Inevitably, toxic media culture and structural oppressions are mapped in all of the platforms and countries. Although China has constructed seemingly effective and perfect regulation, freedom of speech is heavily challenged and patriotic values are encapsulated into social media, which fails to protect vulnerable groups and directly answer to public expectations. In American context, technology companies, telecommunication, and intermediaries play distinctive role in protecting social order. However, American platform companies are rather accepted in national level, but not in an international level. Anglo-Saxon countries (expect America) has large public expectations in moderating violent contents, which prefers co-regulation of state and companies, partially similar to Chinese country-as-platform strategy.

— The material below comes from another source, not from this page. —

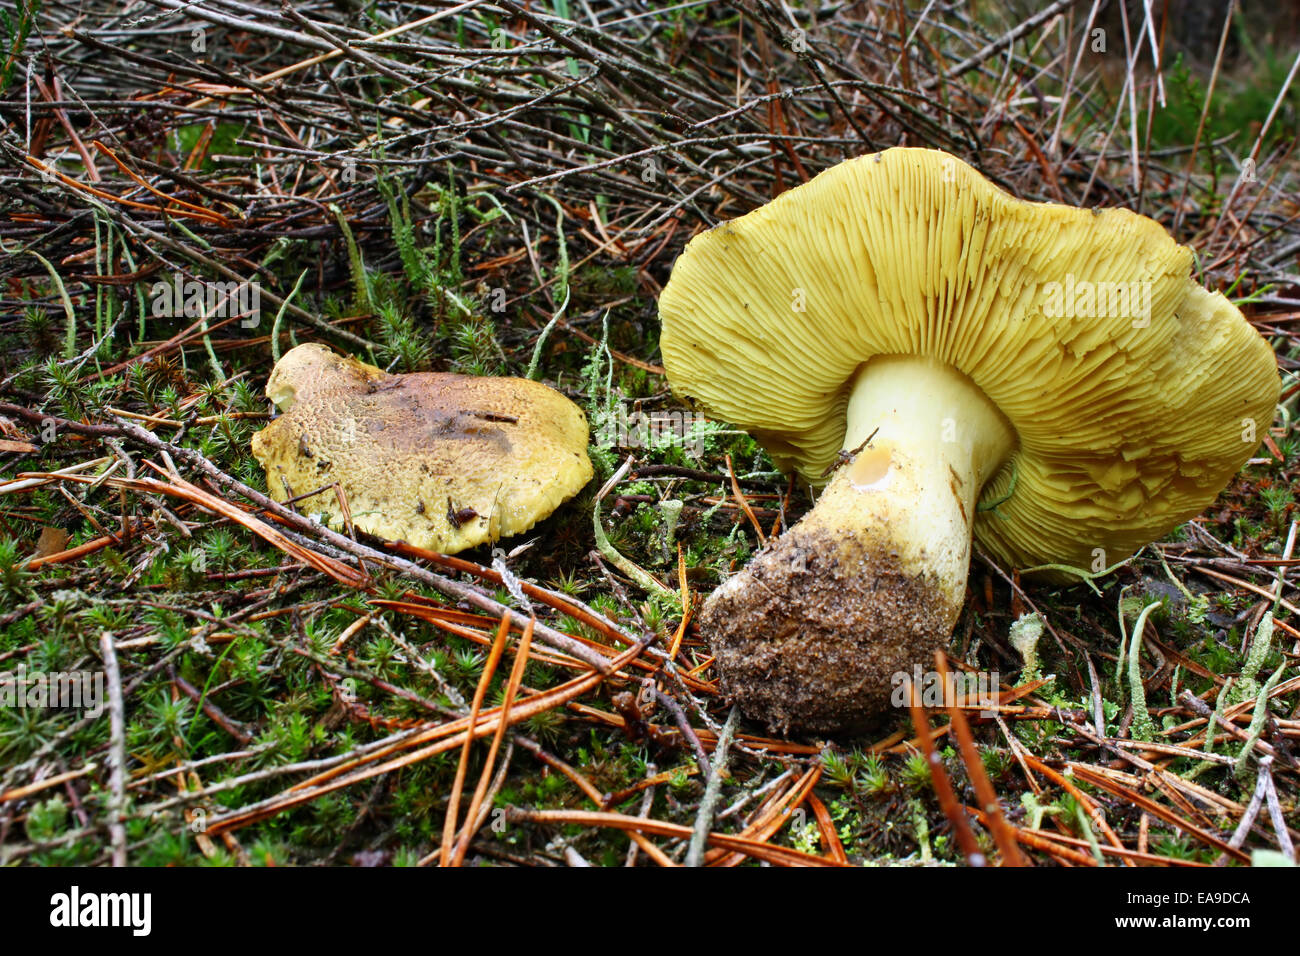 Two mushroom poisonous tricholoma equestre  growing in the forest Stock Photo

No regulatory regimes are absolute correct or effective, platform regulation refers to seeking an ethical solution that is most acceptable in different socio-cultural context.

Reference List

Darbinyan, R. (2022). The Growing Role Of AI In Content Moderation. Forbes.

Flew, T., Martin, F., & Suzor, N. (2019). Internet regulation as media policy: Rethinking the question of digital communication platform governance. Journal of Digital Media & Policy10(1), 33-50.

Kloet, J., Poell, T., Guohua, Z., & Fai, C. Y. (2019). The platformization of Chinese Society: infrastructure, governance, and practice. Chinese journal of communication12(3), 249-256.

Mao, F. (2022, June 23). Tangshan and Xuzhou: Fury and questions over China’s treatment of women. BBC News.

McCallum, S. (2022, September 26). TikTok may be fined £27m for failing to protect children. BBC News.

Gillespie, T. (2018). Custodians of the Internet: Platforms, Content Moderation, and the Hidden Decisions That Shape Social Media. New Haven: Yale University Press.

Schelesinger, P. (2020). After the post-public sphere. Media, culture & society42(7-8), 1545-1563.